Work instruction:
The expected output is every line from the one containing "Chaise longue en" to the end of the data below, exactly, and no other line.

Data provided:
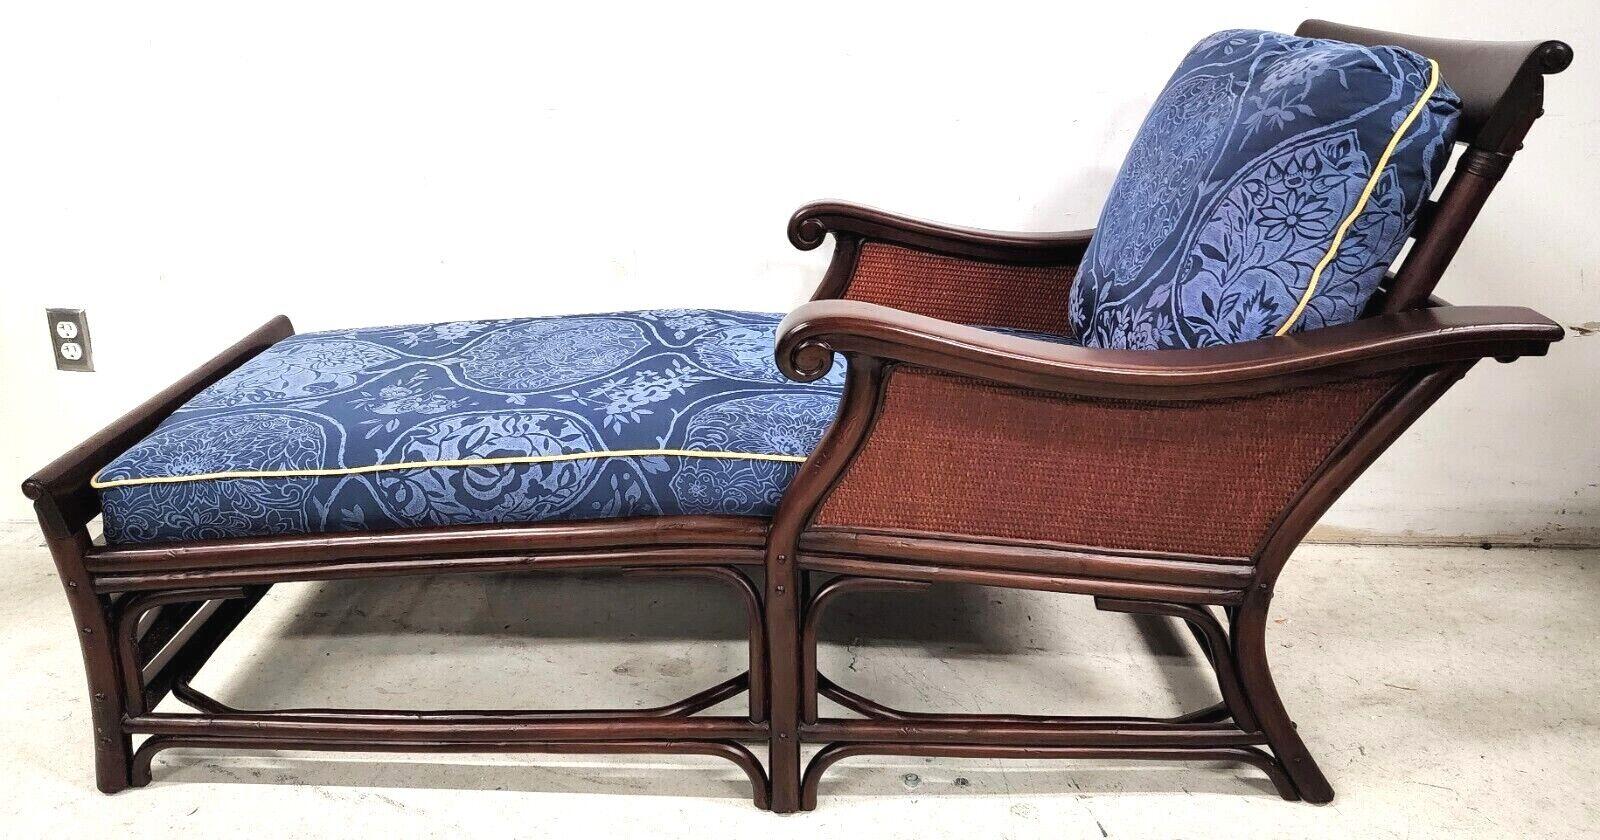 Nous vous proposons l'une de nos récentes acquisitions de meubles de prestige de Palm Beach Estate, à savoir 
Chaise longue en bois massif et osier de style anglo-indien PALECEK

Mesures approximatives en pouces
35

Task result:
Chaise longue en bois massif et osier de style anglo-indien PALECEK

Mesures approximatives en pouces
35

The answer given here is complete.